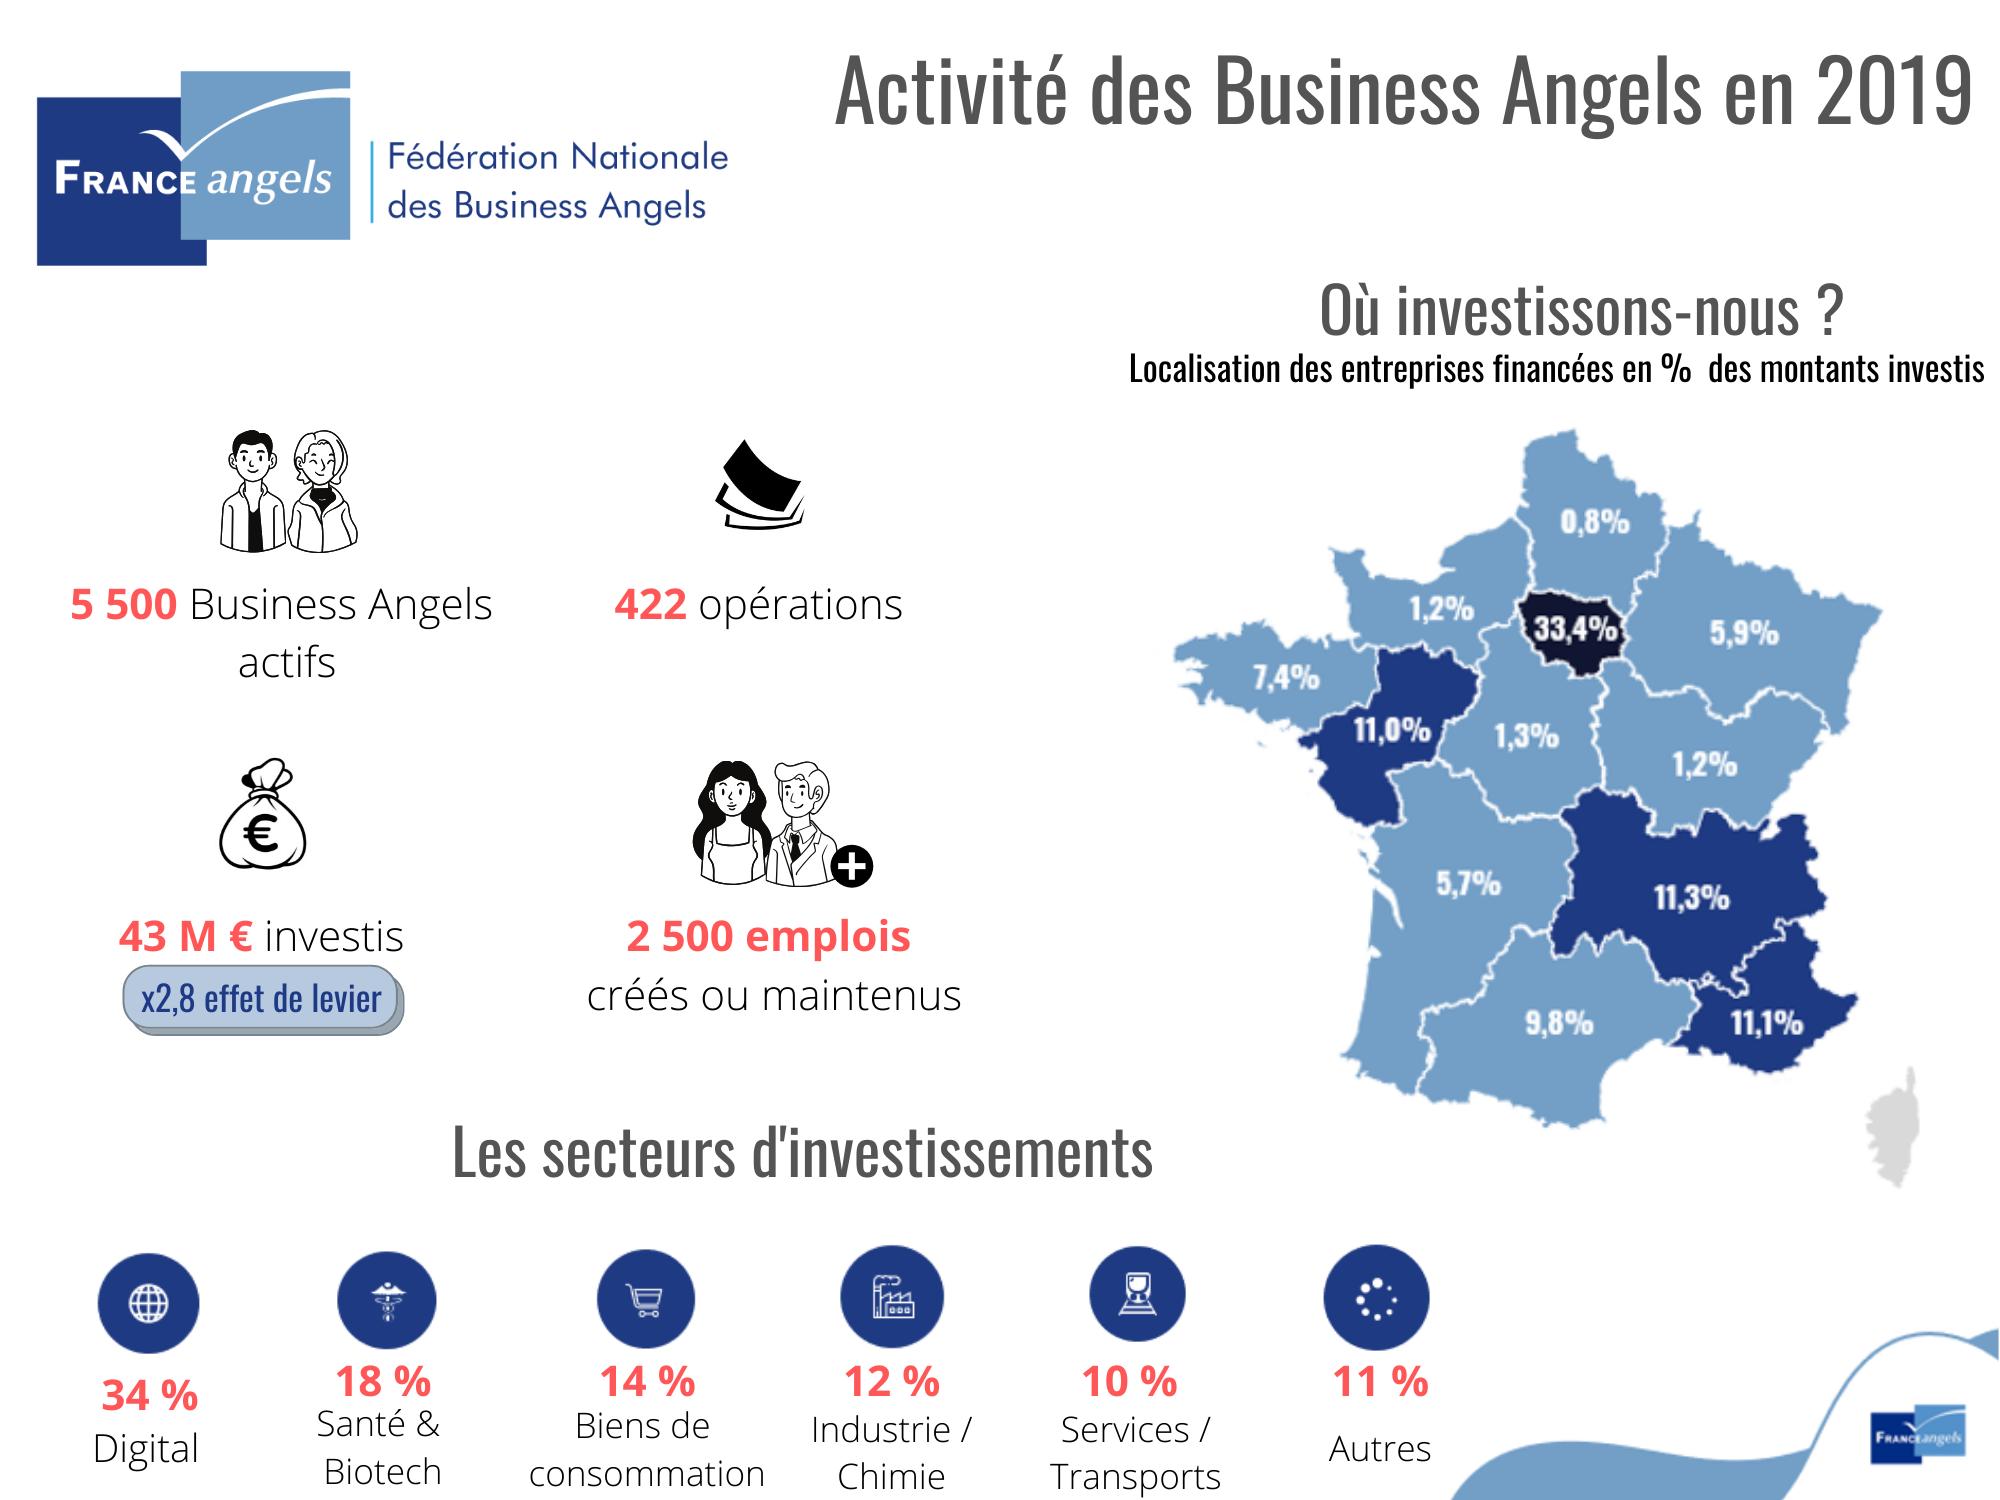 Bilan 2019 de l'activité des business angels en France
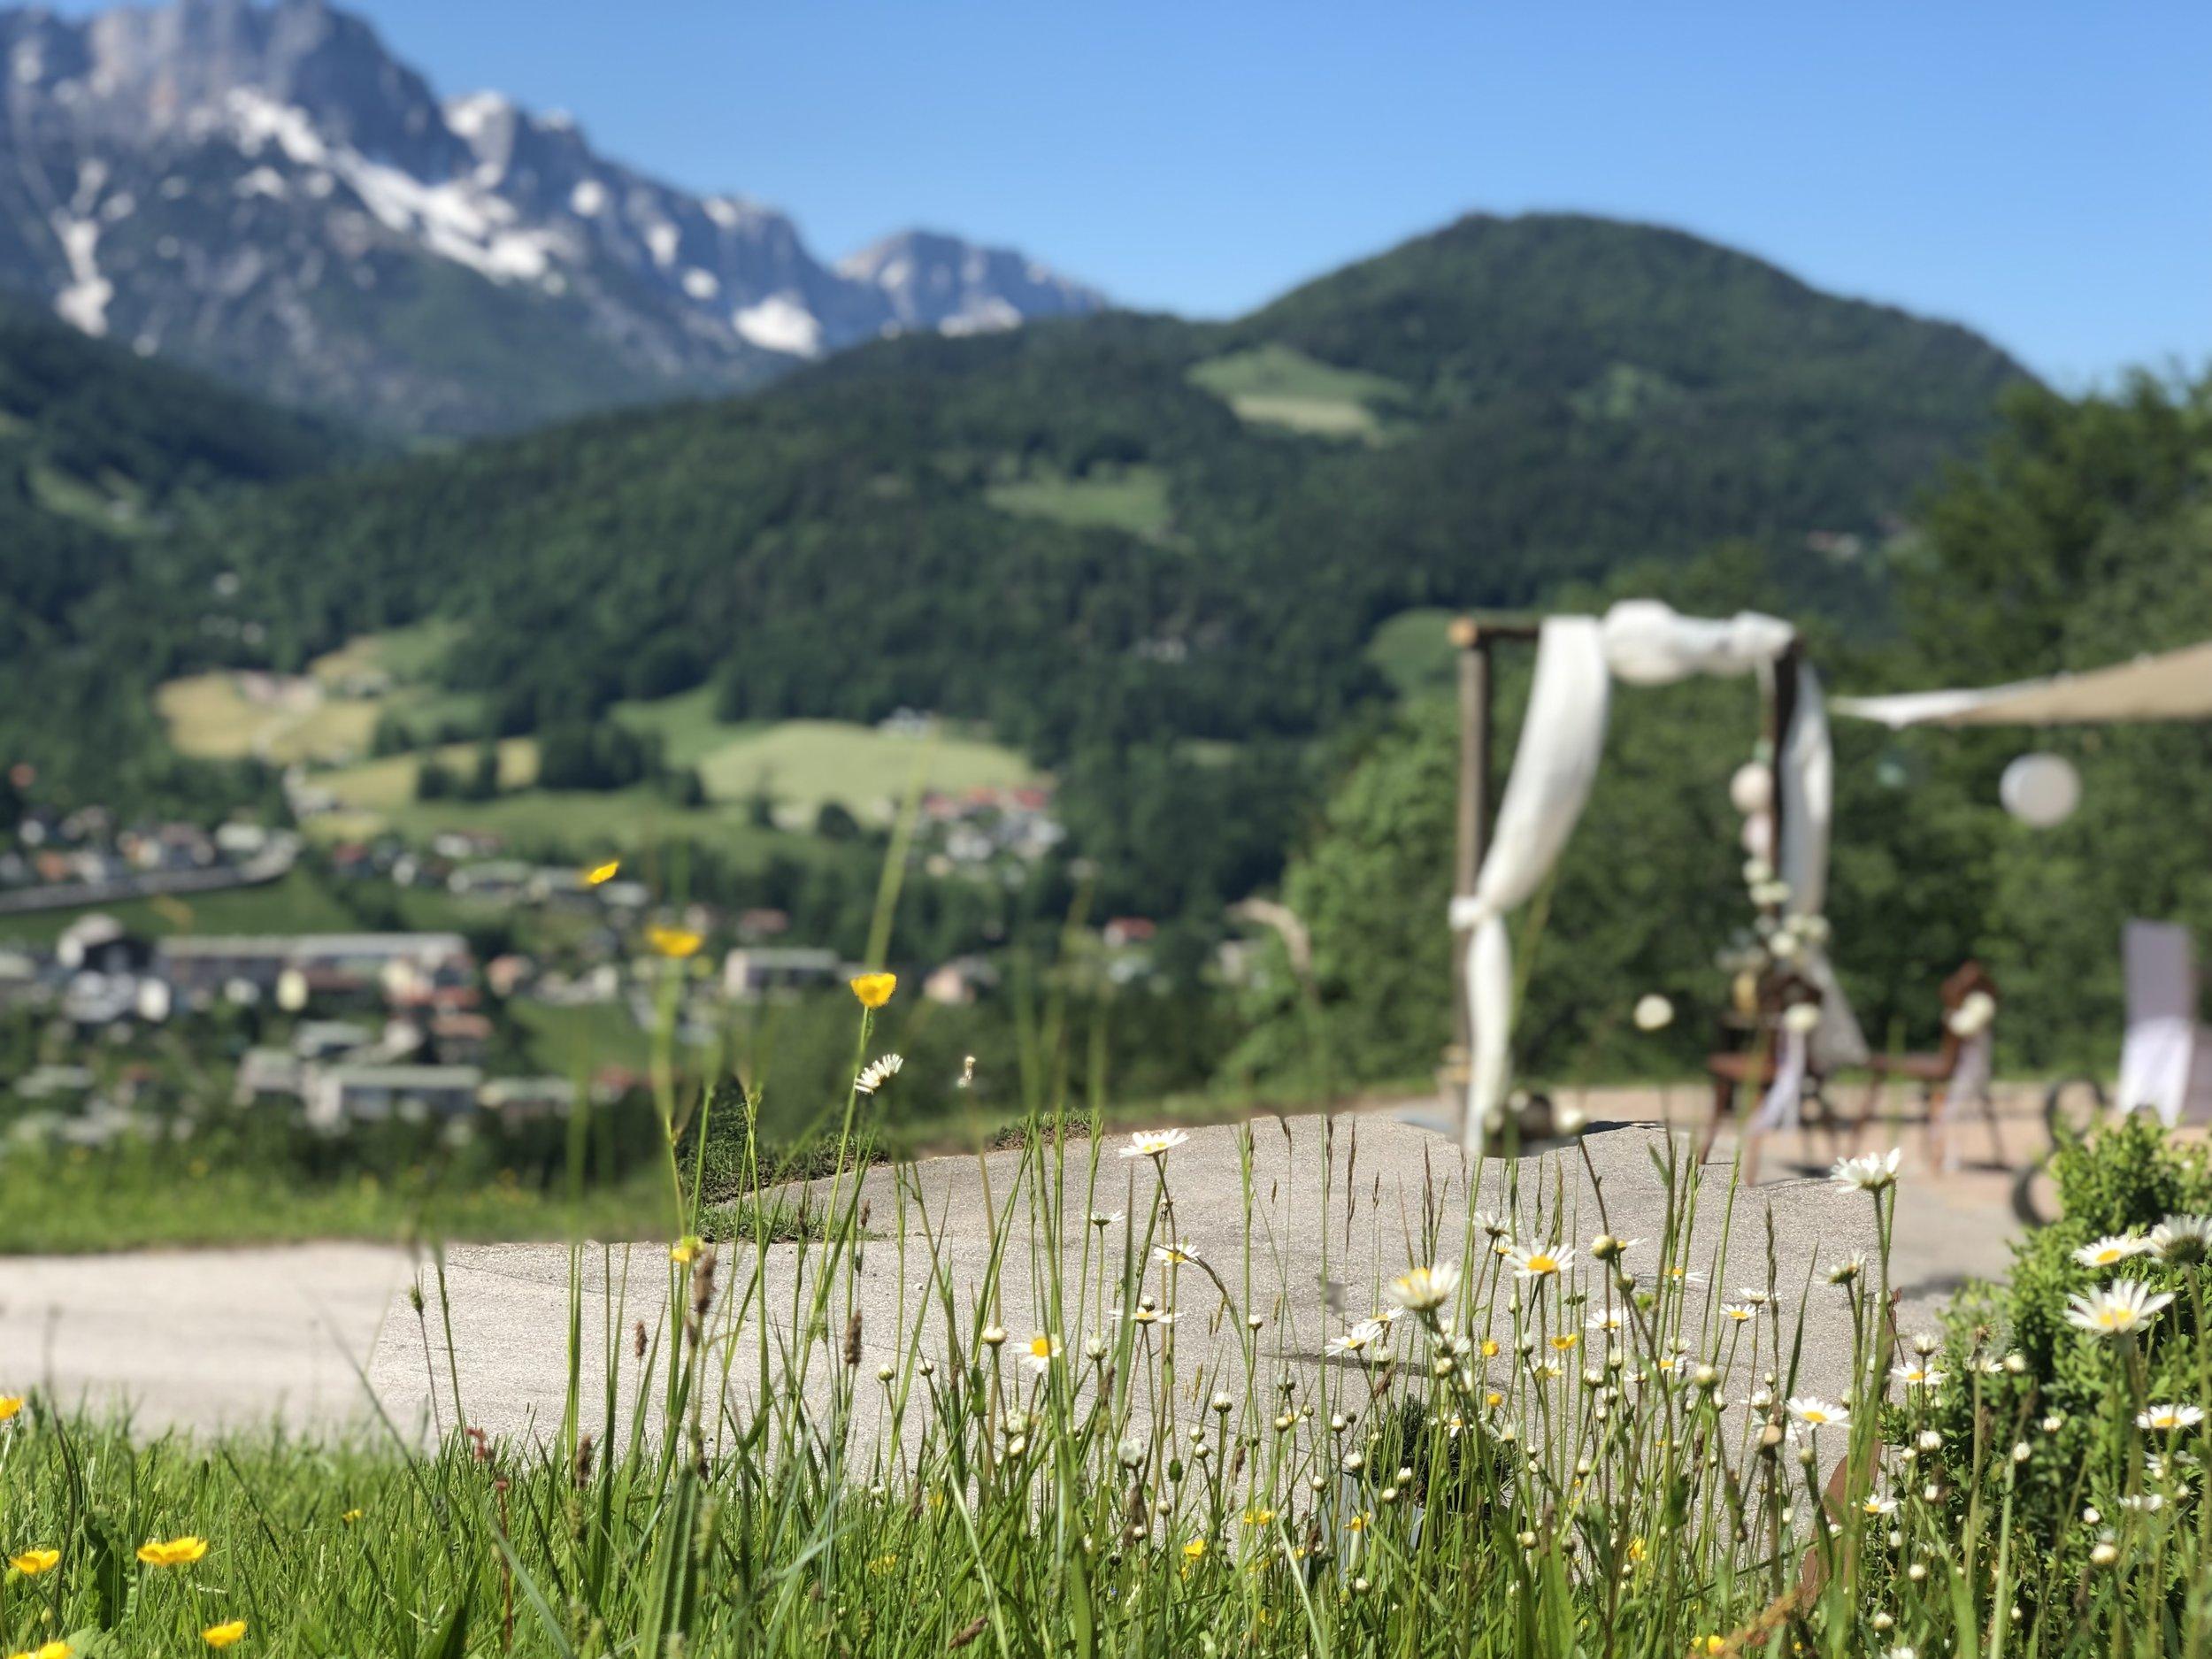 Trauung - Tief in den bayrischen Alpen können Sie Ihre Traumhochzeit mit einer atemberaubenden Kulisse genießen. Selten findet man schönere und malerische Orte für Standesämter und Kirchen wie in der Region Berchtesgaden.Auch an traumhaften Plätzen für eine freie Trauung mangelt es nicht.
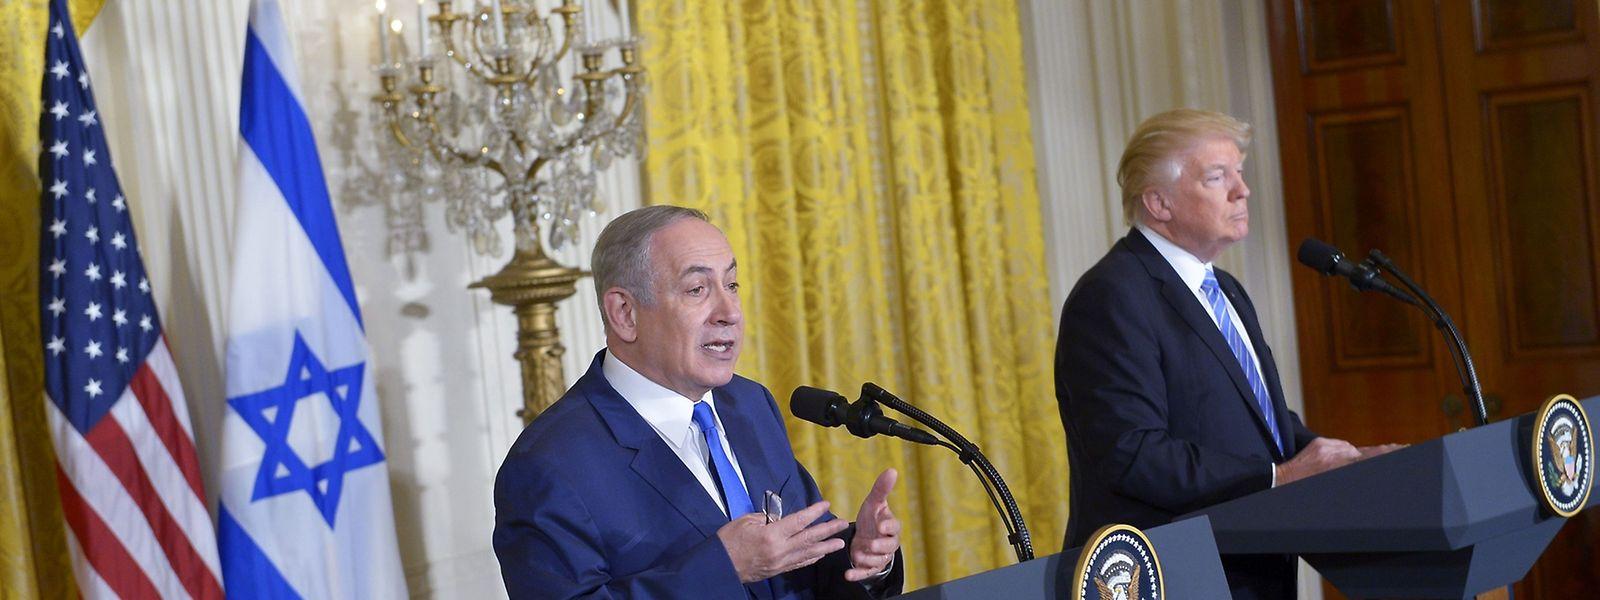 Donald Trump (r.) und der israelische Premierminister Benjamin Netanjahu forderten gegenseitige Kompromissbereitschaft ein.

■ Task description
An exact, picture-free copy of the listing above is the goal; write it out now.

■ Worked solution
 Bilan 2019 de l'activité des business angels en France
 Trauung - Tief in den bayrischen Alpen können Sie Ihre Traumhochzeit mit einer atemberaubenden Kulisse genießen. Selten findet man schönere und malerische Orte für Standesämter und Kirchen wie in der Region Berchtesgaden.Auch an traumhaften Plätzen für eine freie Trauung mangelt es nicht.
 Donald Trump (r.) und der israelische Premierminister Benjamin Netanjahu forderten gegenseitige Kompromissbereitschaft ein.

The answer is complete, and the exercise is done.